O Ministério Público do Estado do Rio de Janeiro (MPRJ) ingressou com ação judicial solicitando o afastamento imediato do presidente interino do Rioprevidência, Nicholas Cardoso. A medida foi requerida após a revelação de que o fundo previdenciário estadual realizou investimentos de R$ 118 milhões em três fundos geridos por instituições financeiras não credenciadas junto à autarquia.

Investimentos em fundos não credenciados

Conforme apurou a GloboNews com exclusividade, as aplicações ocorreram no final de dezembro do ano passado, quando Nicholas Cardoso exercia o cargo de diretor de investimentos do Rioprevidência.
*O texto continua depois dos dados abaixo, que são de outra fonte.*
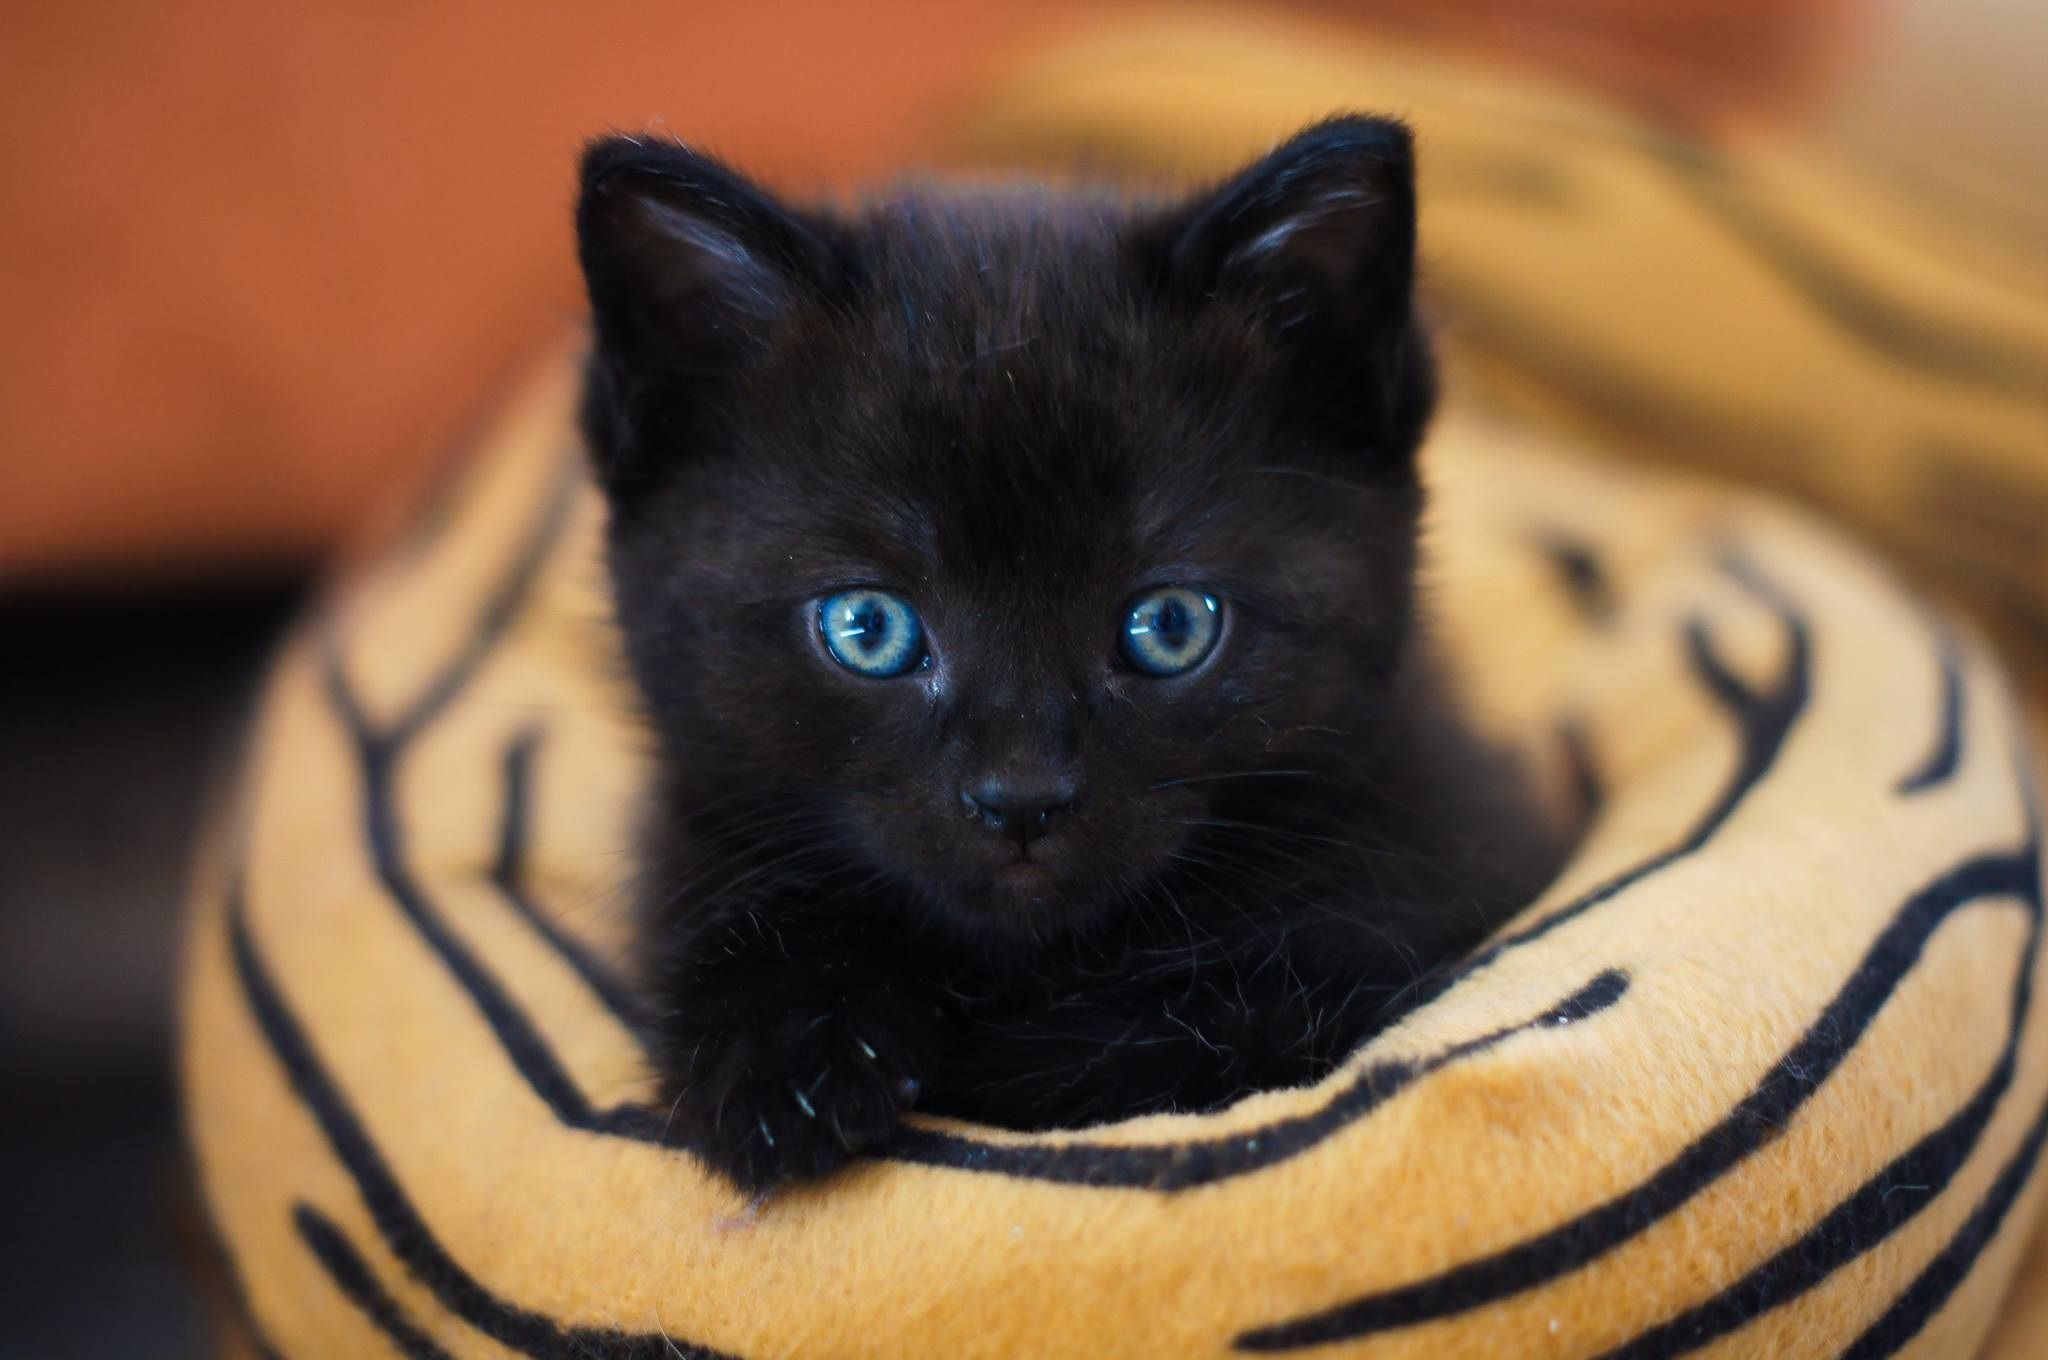 Blue Eyed Kitten Black Cat Breeds Names For Black Cats Black Cat Pictures

Os valores foram destinados a:

  1. Linea Fundo de Investimento Financeiro Renda Fixa Prazo Longo: R$ 8,2 milhões em 24 de dezembro
  2. R Cap Soberano FIF Renda Fixa Longo Prazo: R$ 100 milhões em 29 de dezembro
  3. R Cap Alocação Fundo de Investimento Financeiro Renda Fixa Longo Prazo: R$ 10 milhões em 29 de dezembro

O Conselho Fiscal do Rioprevidência alertou, em ofício de 16 de março, que essas aplicações foram realizadas "sem que instituições financeiras responsáveis pela gestão e administração desses fundos estivessem devidamente credenciadas" junto ao órgão.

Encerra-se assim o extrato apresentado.